Oh, ingratidão
O tratado que nasceu constitucional e parece estar a morrer chamando-se de Lisboa já ganhou um lugar na história da União Europeia. Ficará no capítulo das tensões entre a dinâmica das instituições interestaduais e a da construção da cidadania europeia comum.
Os esforços das diplomacias alemã e portuguesa, depois do insucesso dos referendos na França e na Holanda, concentraram-se em conseguir um Tratado que os 27 governos aprovassem e os 27 parlamentos ratificassem e deram por assumida a gratidão dos irlandeses pelo que a Europa lhes trouxe.
A ideia subjacente, de que se podia derrotar os nãos nos referendos pela retirada para a dinâmica das instituições do Estado esbarrou no pormenor da imposição constitucional de referendo na Irlanda e na debilidade do sentimento de gratidão em política.
Em si, este processo é pelo menos tão democrático como a ratificação por referendo. O problema é que por toda a Europa, incluindo em Portugal, foram dados sinais de que os Governos se tinham proibido reciprocamente de consultar os eleitorados e é muito pouco convincente o argumento de que num país da Europa não se pode votar algo porque o governo do país vizinho não pode correr o risco de perder um confronto eleitoral.

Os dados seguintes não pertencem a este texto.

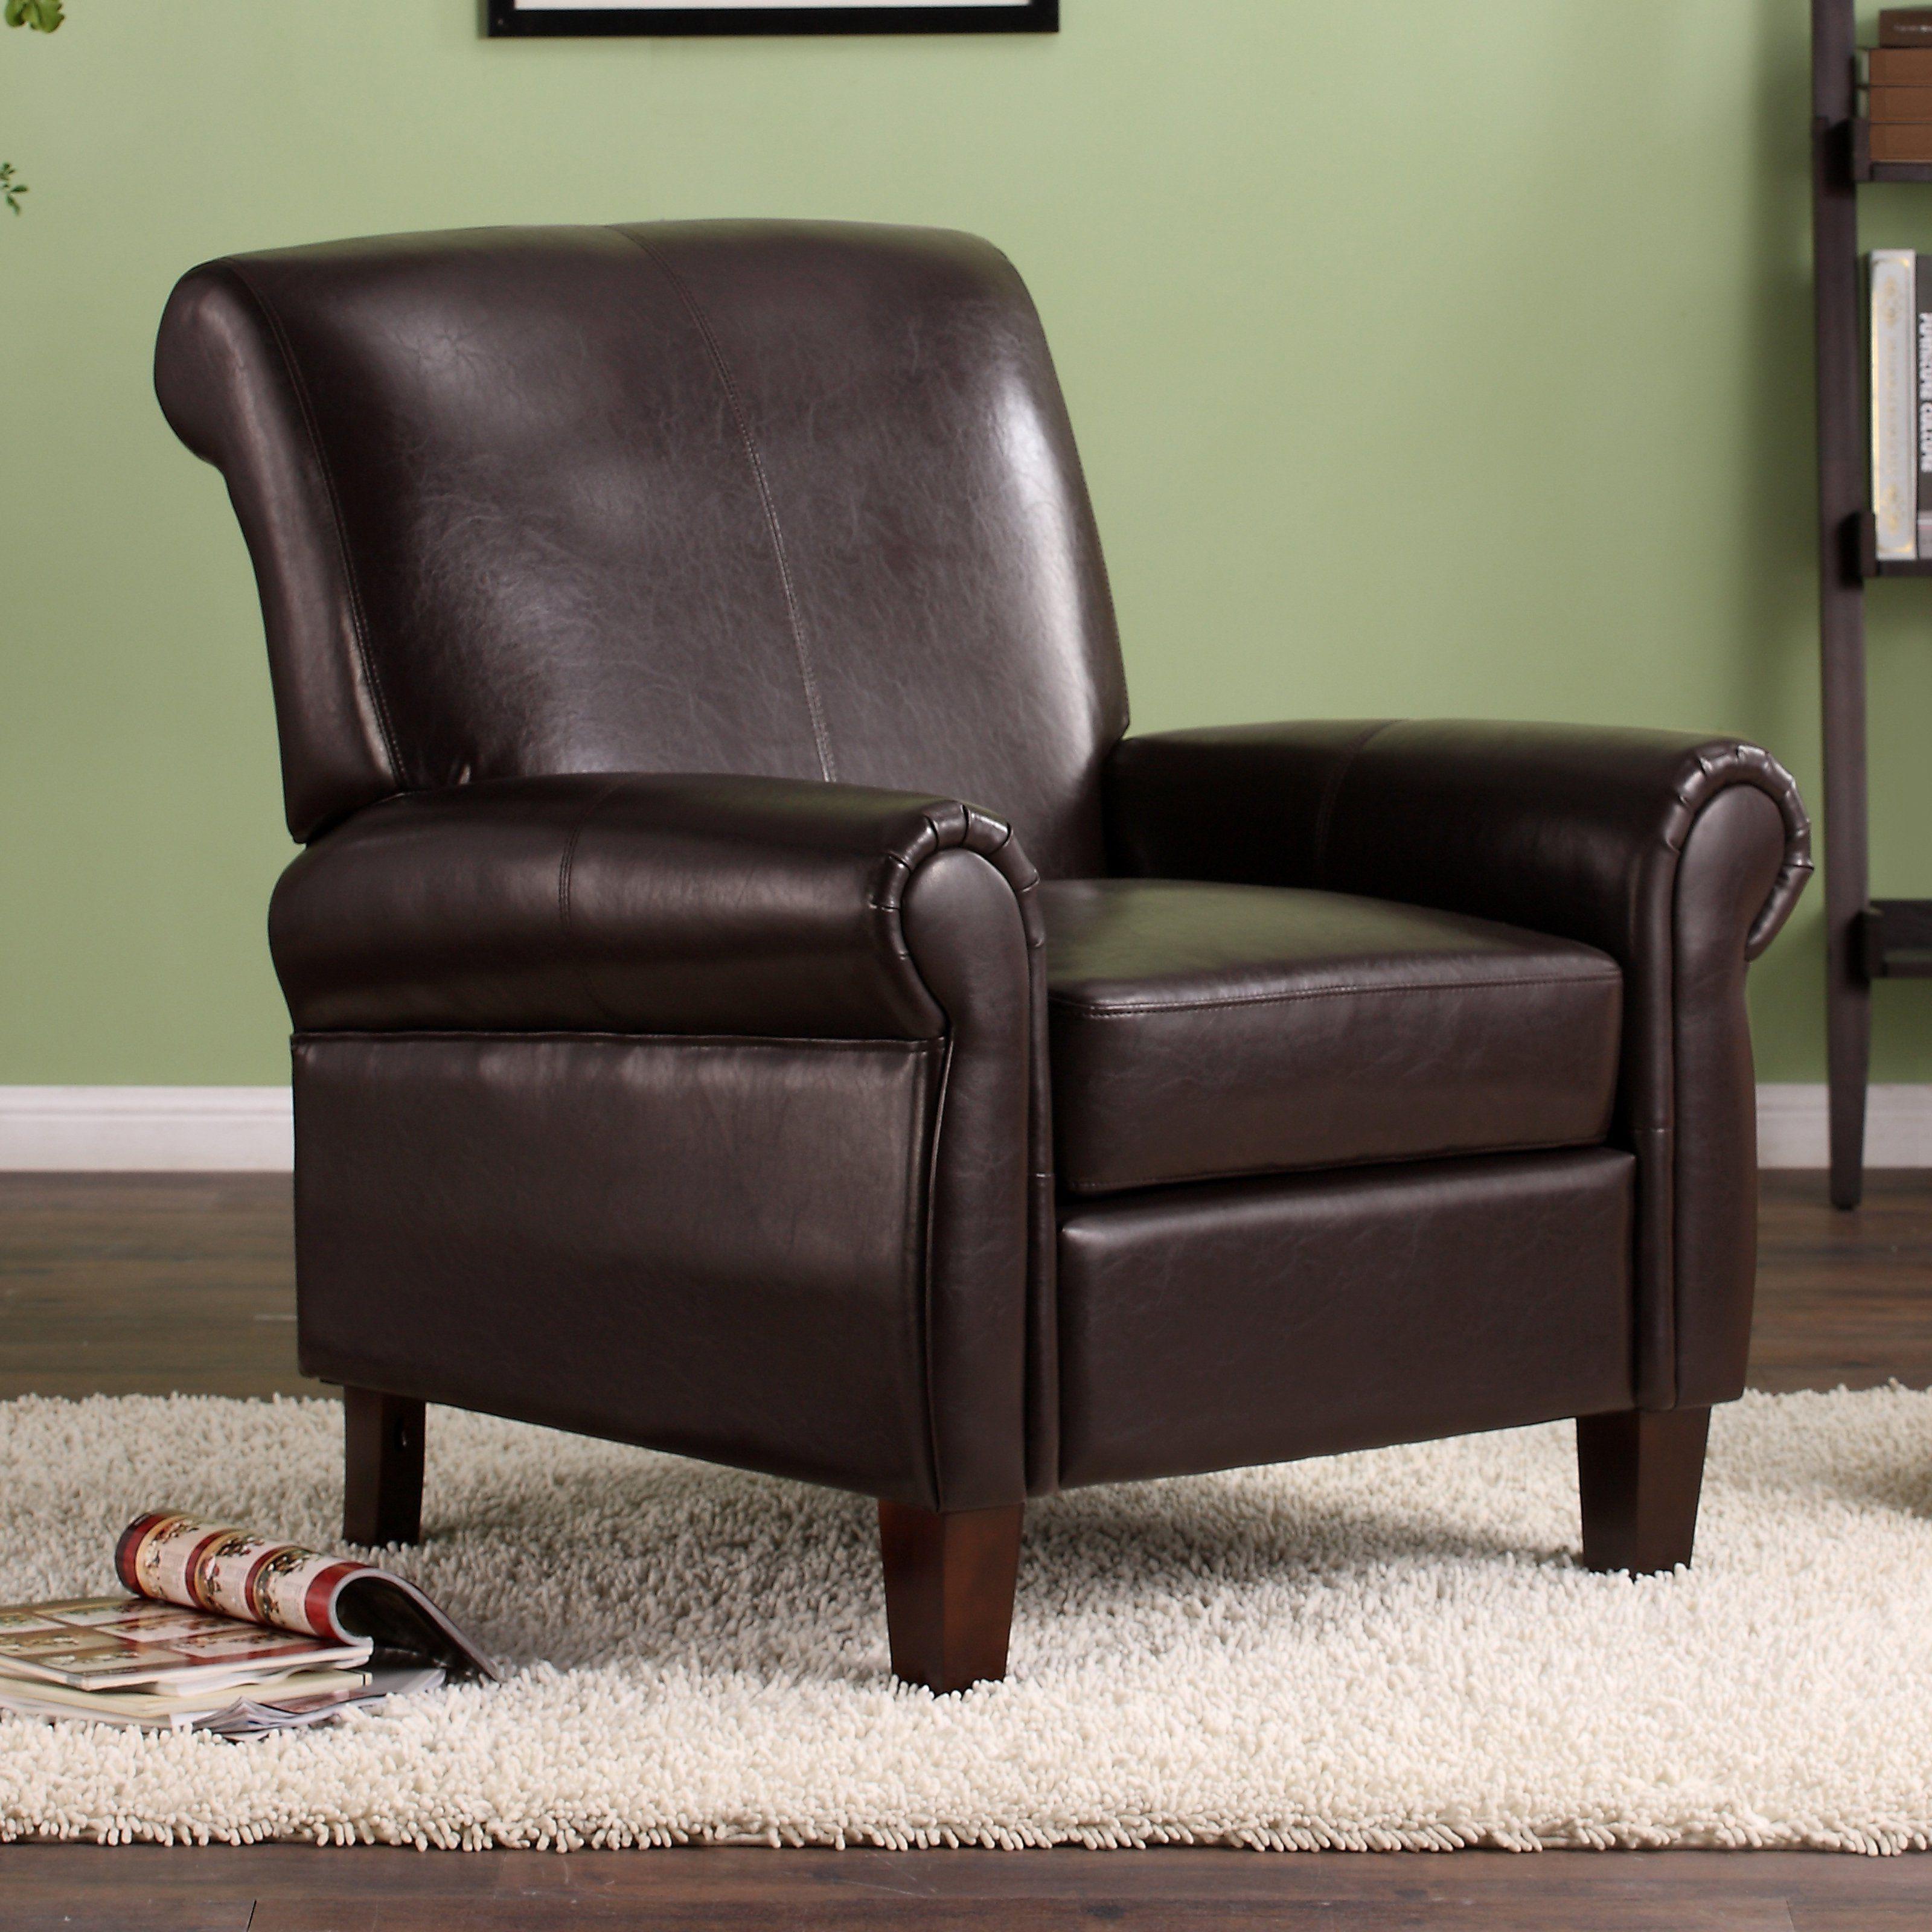 Dorel Living Faux Leather Club Chair Dorel Living Leather Club Chairs Leather Accent Chair

O que quer que os Chefes de Estado e de Governo decidam fazer na próxima semana não pode ignorar que os três nãos reflectem resistências populares à imagem que este Tratado tem, de ser um cozinhado de mercearia institucional e não um passo importante para os cidadãos. Também não pode ignorar que quanto mais parecer que as instituições políticas temem os referendos, mais se aprofunda a ideia de que falta apoio popular a este passo na construção europeia. Tal como não pode ignorar que o que falta ao Tratado não são novos mecanismos institucionais sofisticados mas uma ideia de Europa mobilizadora do eleitorado.
É preciso que os Chefes de Estado e de Governo não percam a percepção de que há limites para a distância entre a dinâmica política intergovernamental, dominada pelas subtilezas diplomáticas e os understatements e a dinâmica da cidadania intraeuropeia, que se guia por ideias fortes e percepções simplificadas.

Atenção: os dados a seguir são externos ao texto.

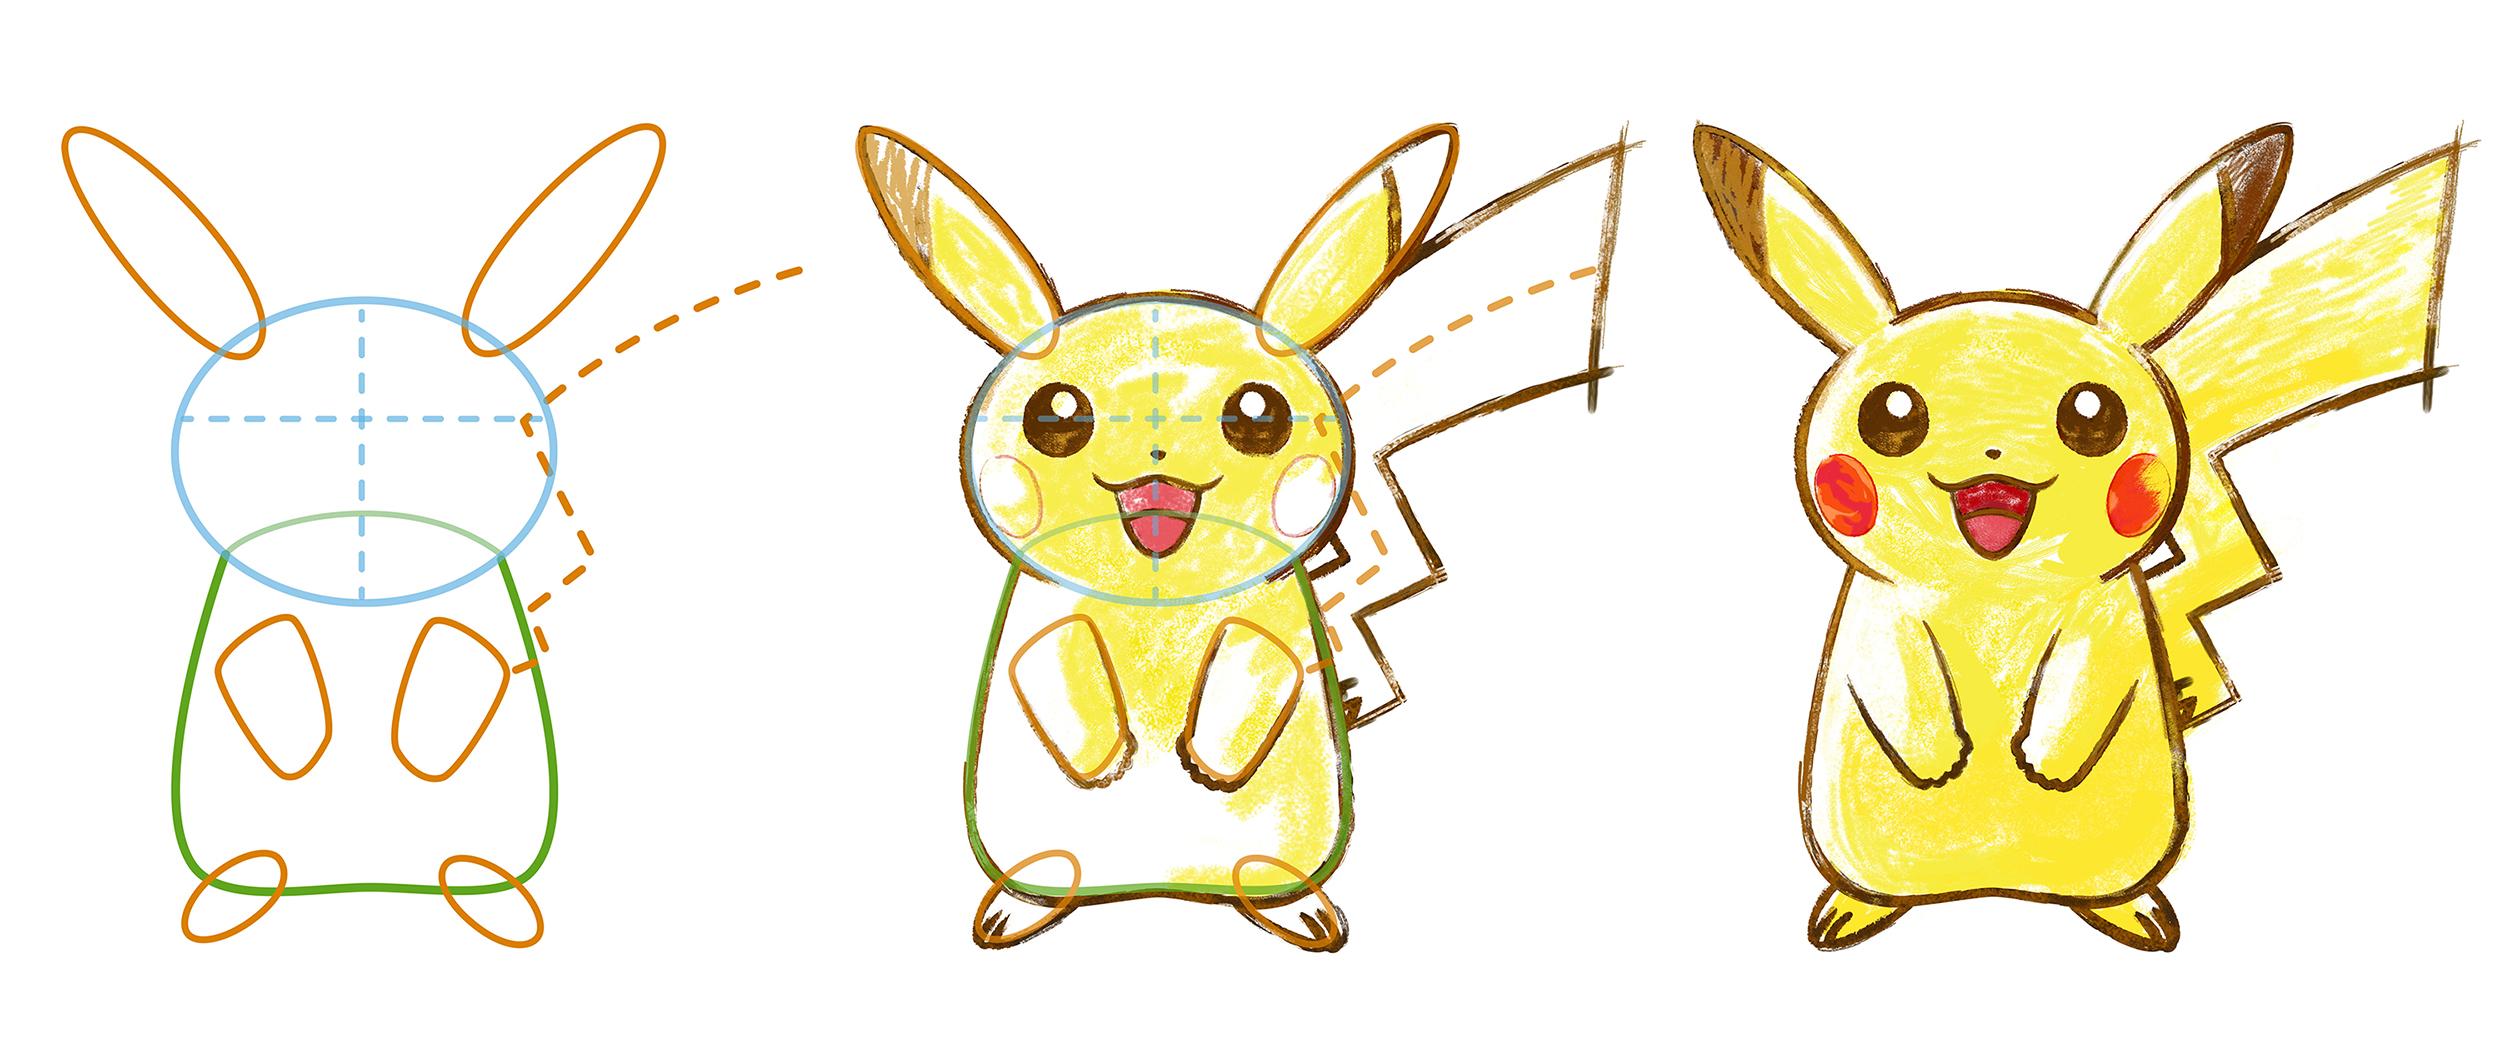 Pokemon Art Academy Images Pokémon Art Academy — Coming

Na Irlanda, tal como tinha acontecido anteriormente em França e na Holanda, a ideia do que este novo passo traz de positivo para os cidadãos não passou.
Agora, há que abandonar o Tratado e esperar anos ou décadas por um novo impulso político ou conseguir que o segundo round de modificações que lhe serão introduzidas esteja concentrado no que possa convencer os cidadãos das vantagens de continuar a construir a Europa.
De nada vale lamentar a ingratidão dos irlandeses para com a Europa. Há que dar-lhes, a eles e aos cidadãos de todos os países dos 27, novos argumentos para que apoiem este passo na construção europeia. Ora, todo o esforço político recente tem sido concentrado em evitar os enfrentamentos eleitorais sobre a ideia de Europa e não em tentar ganhá-los.